You are asking about what is known as determinism.
Determinism states "Given the exact position and velocity of every sub-atomic particle in the universe, I'll tell you the origin and fate of the universe".
Heisenberg's uncertainty principle pretty much lays this to rest.
"It is not possible to know the exact position AND velocity of an electron, since measuring one changes the other".
First of all not all the phenomena in the universe are solved by complex equations - some are extremely simple, kinetic energy = (1/2) mv^2, E = mc^2, F = ma... see nothing complicated about them, others of course are extremely complicated, like the Einstein's field equations of general relativity. The equations are as simple or complex as they need to be to explain what they're describing.
As for free will - who says we're different from non-living things? Distinguishing between living and non-living is a question for biologists not physicists. A man chooses to jump off a building, a physicist isn't going to get wrapped up in the socioeconomic-psychological factors that caused this person to want to end his life. Physics asks simple questions from which it can give extremely precise non-subjective answers, for instance:
When is he going to hit the ground?
How hard is he going to hit the ground?
How fast is he going when he hits the ground?

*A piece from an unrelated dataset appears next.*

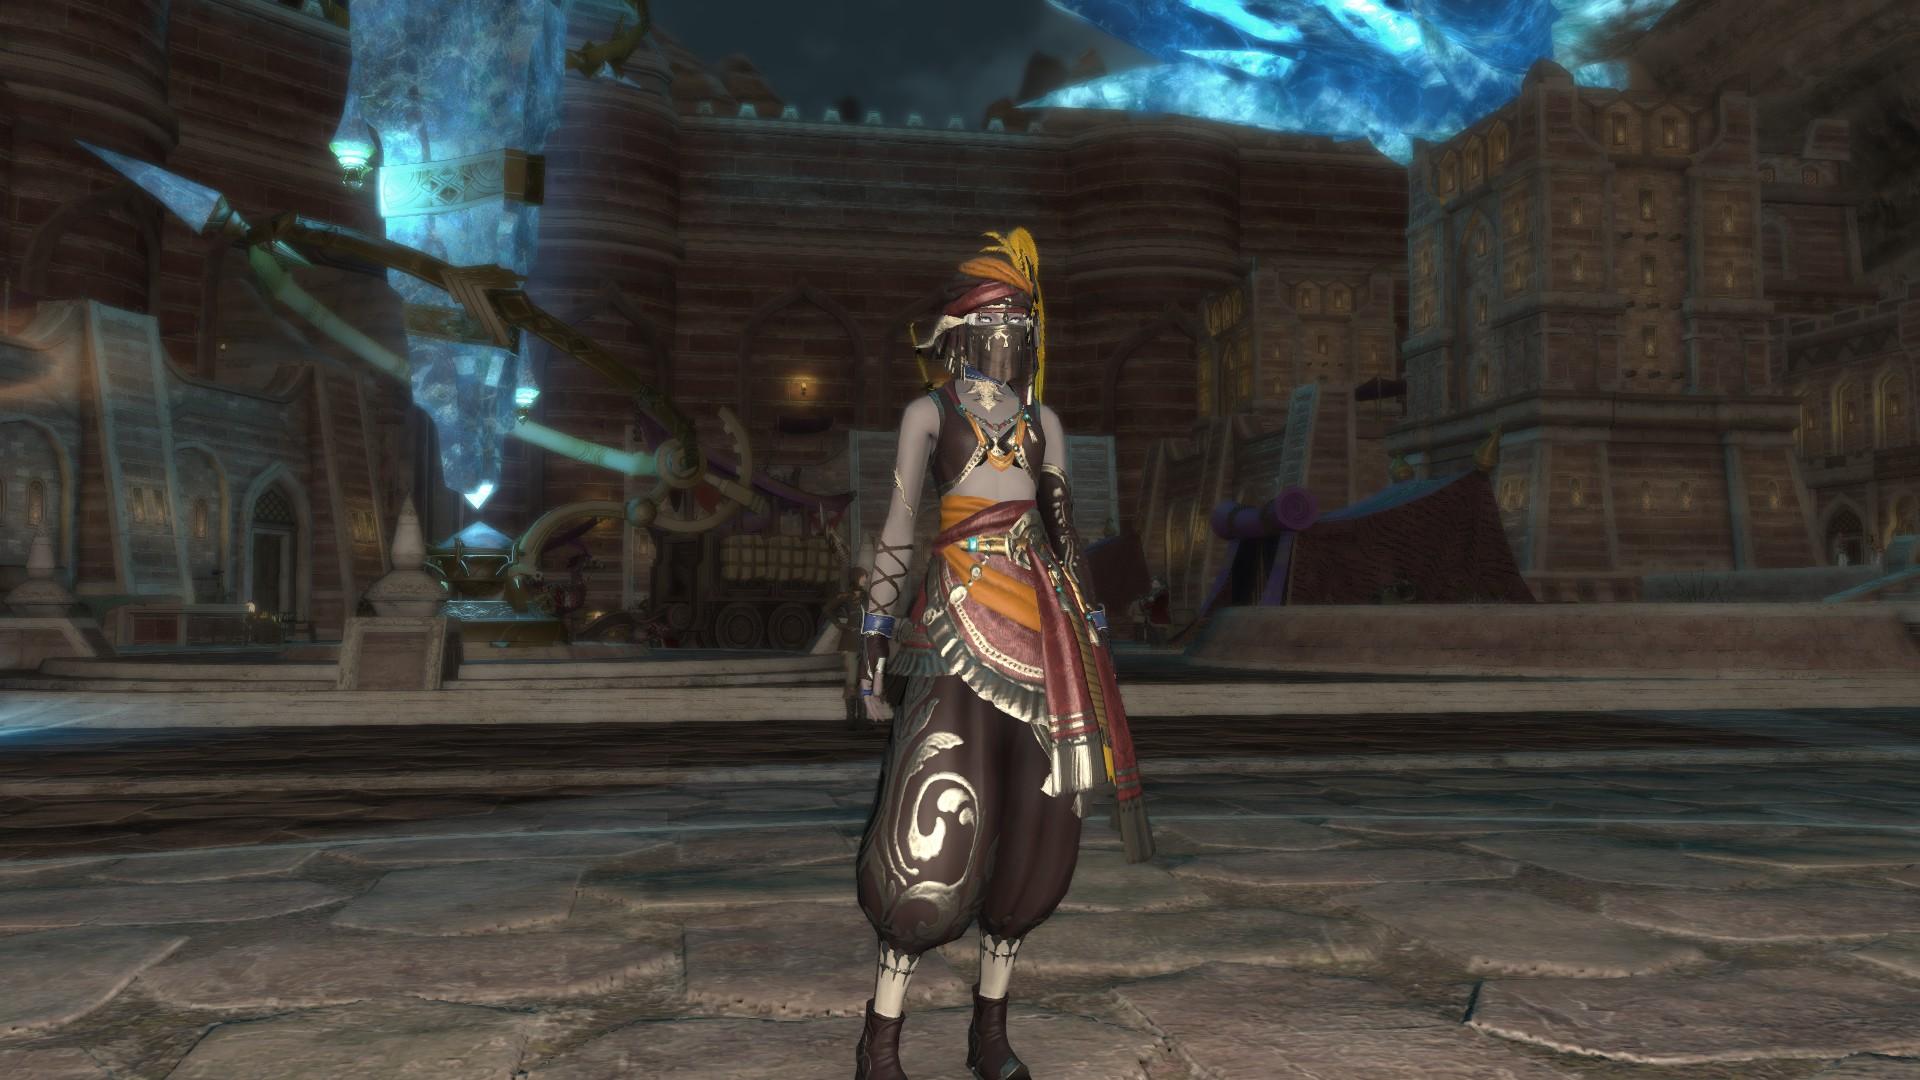 Final Fantasy XIV: Stormblood |OT| Y'all Need to Calm Down

This is in fact a very good analogue for your question, you see before he jumps he has "free will" to choose to jump or not to jump, the second he jumps off the building, he no longer has free will and his fate is passed from the psychologist to the physicist.
Physics doesn't pretend to answer everything about the universe - especially not issues like how are you feeling (leave that to the psychologists) or is there a God (leave that to the theologians and philosophers). What physics does do (and do very well) is comment on that which can be measured and reduce tons of measurements into elegant equations that explain how things are.